BEGIN RAW DATA

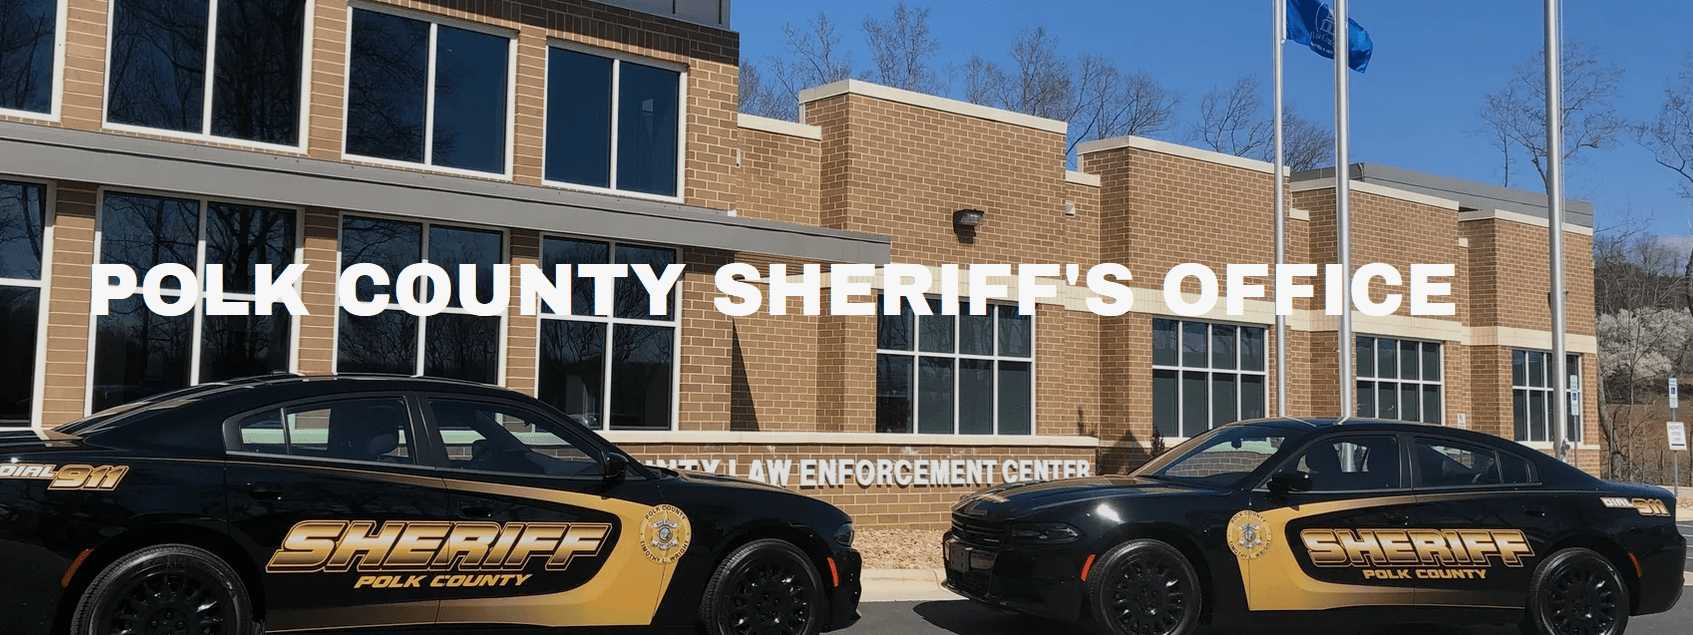 Polk County Sheriff Department
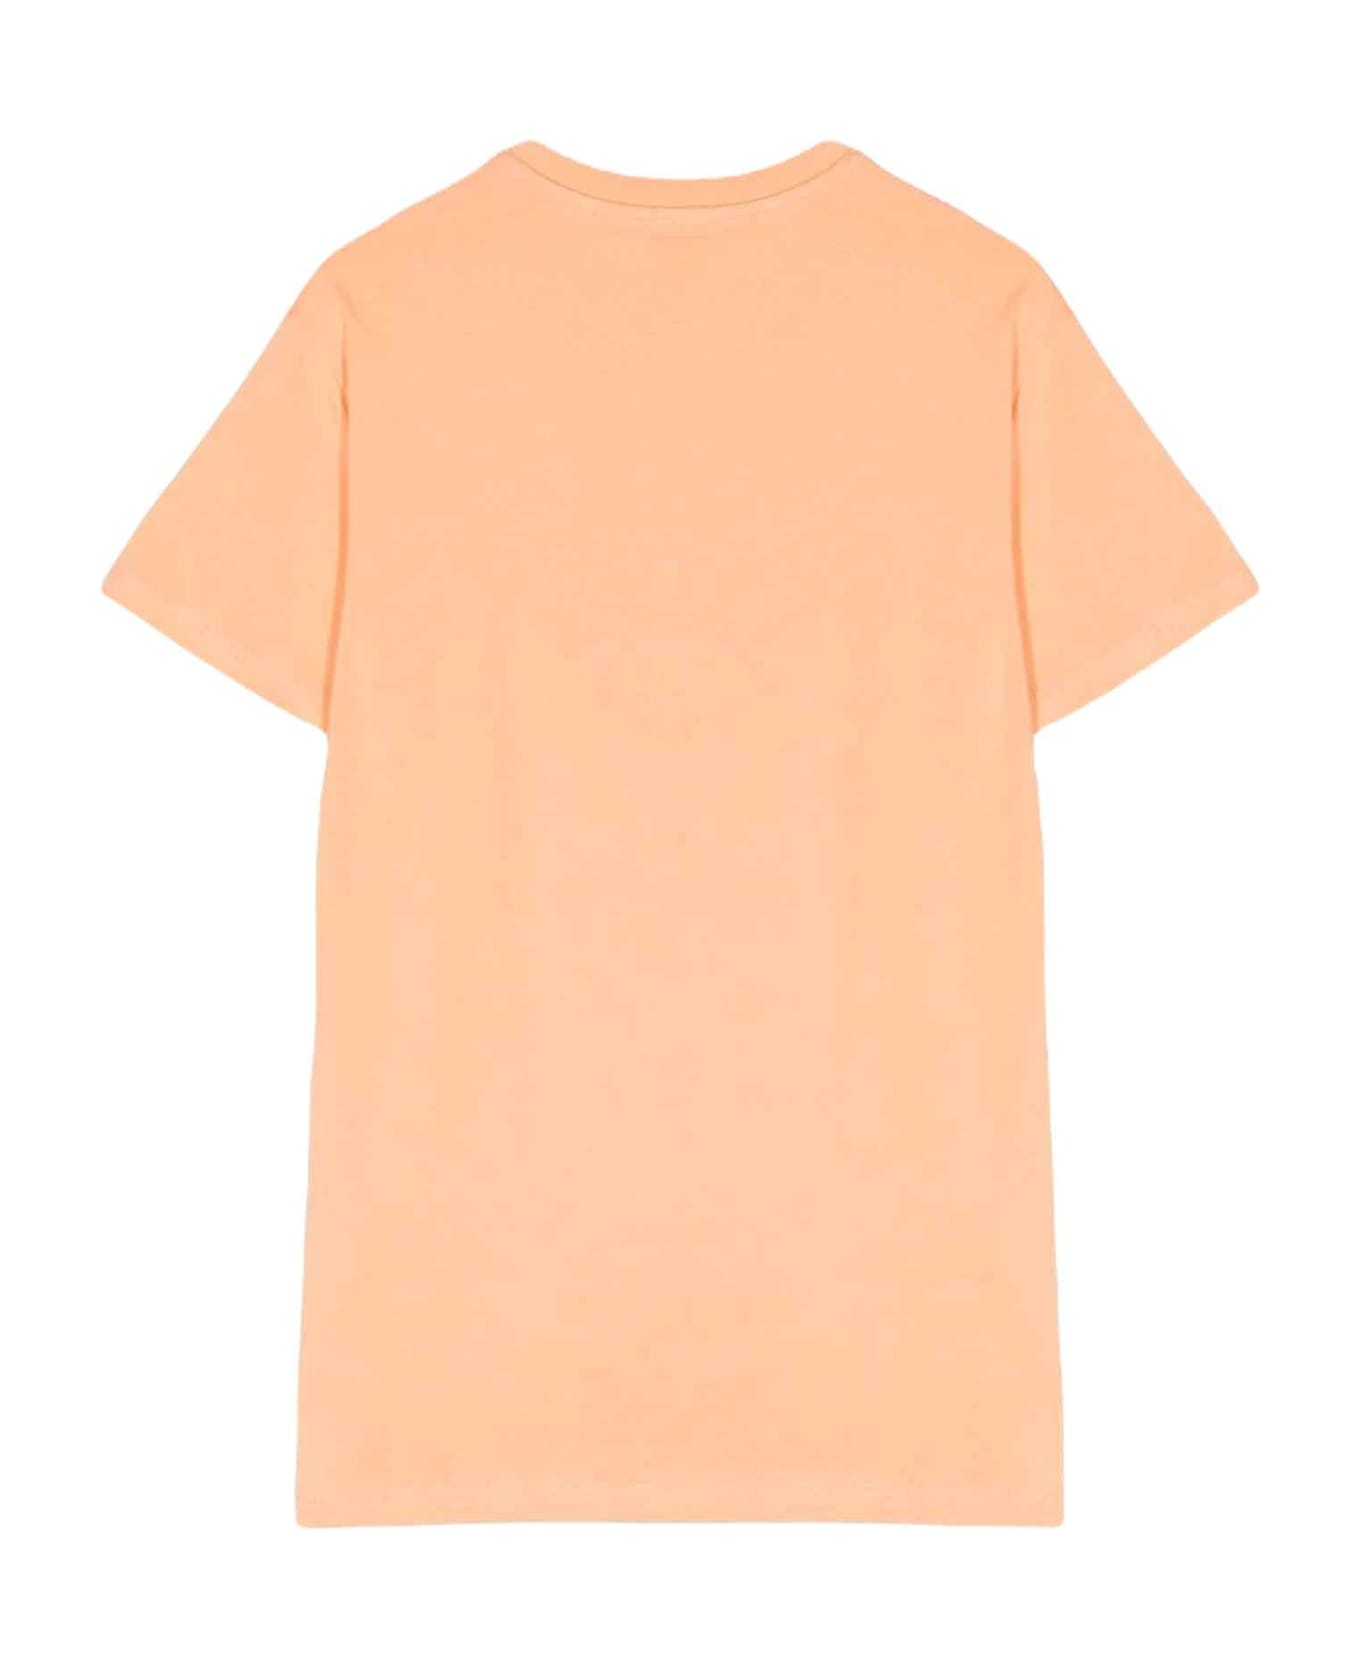 Kenzo Kids Orange Dress Girl - Giallo
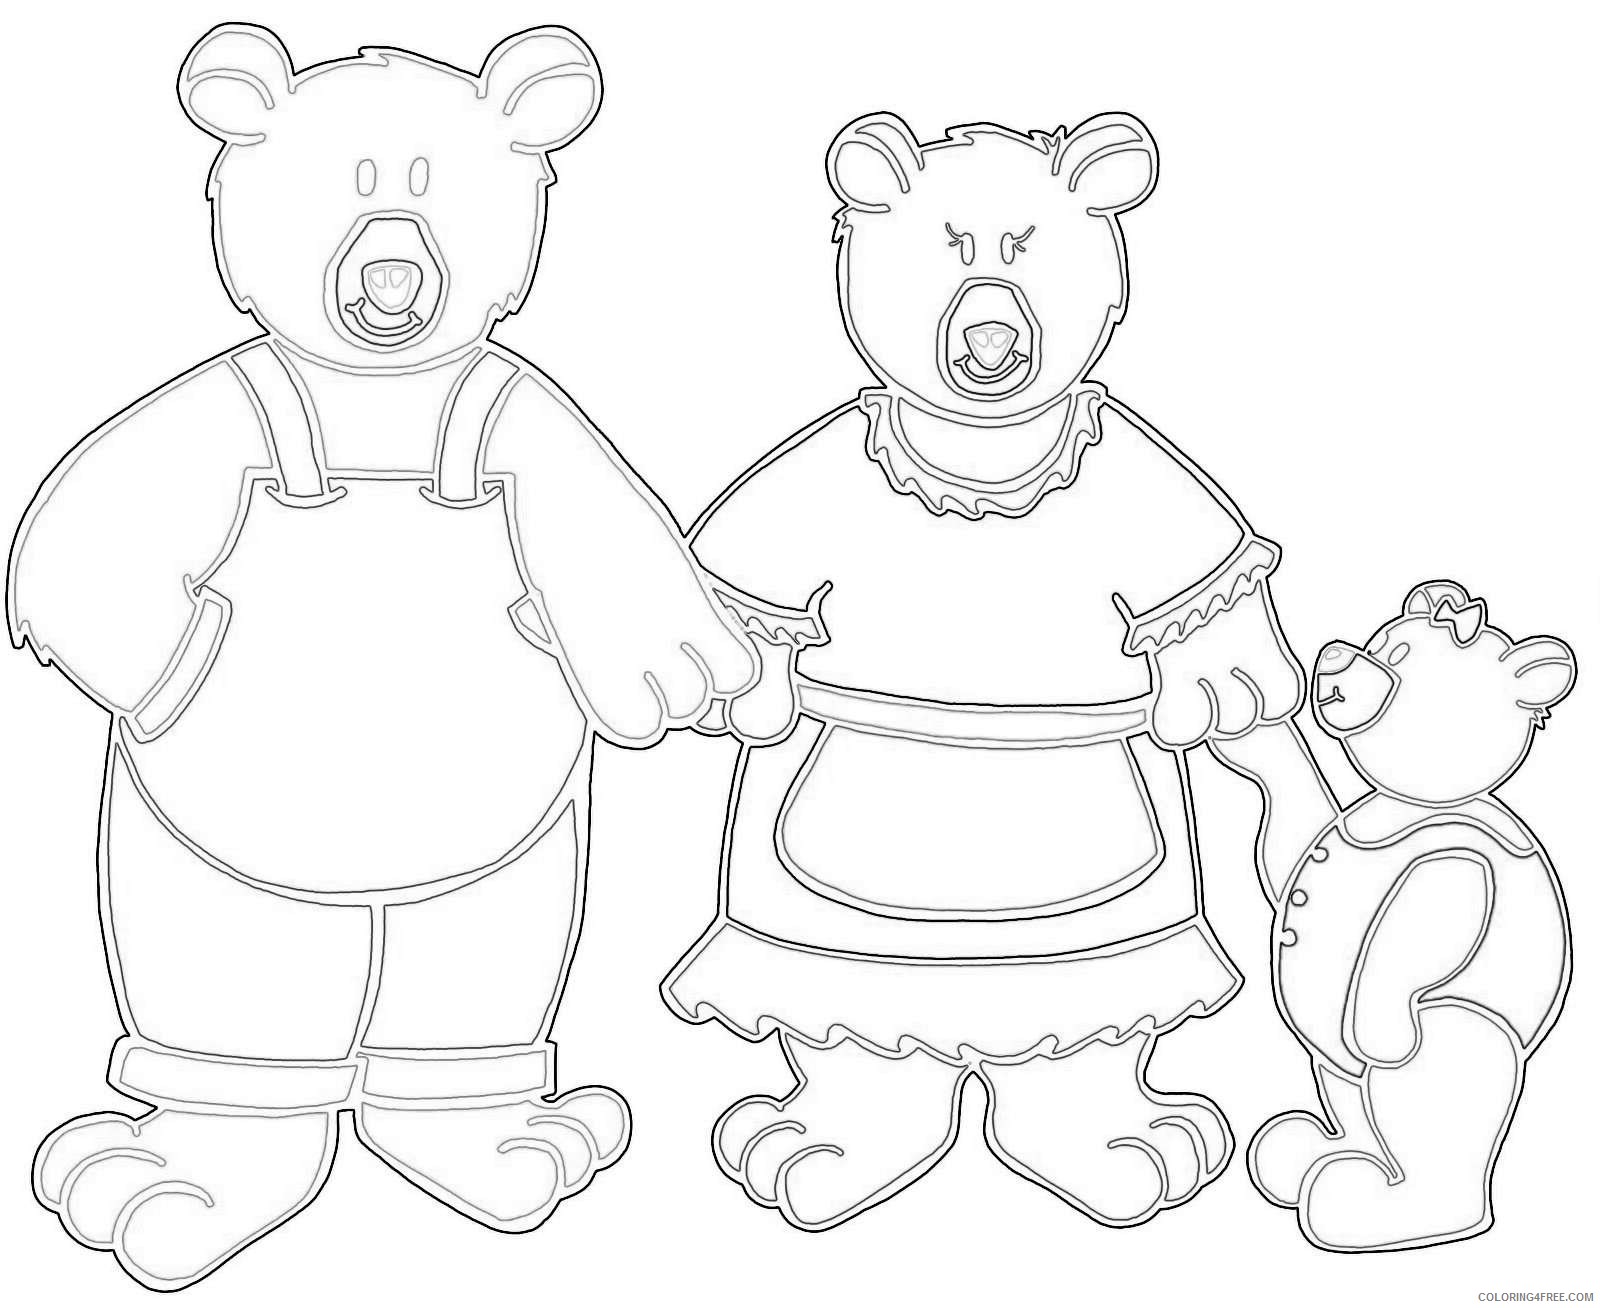 Goldilocks And The Three Bears Co 9Smbts Coloring - Coloring4Free.com

END RAW DATA

EXERCISE DESCRIPTION
Restate all the material verbatim; omit every picture.

WORKED SOLUTION
 Polk County Sheriff Department
 Kenzo Kids Orange Dress Girl - Giallo
 Goldilocks And The Three Bears Co 9Smbts Coloring - Coloring4Free.com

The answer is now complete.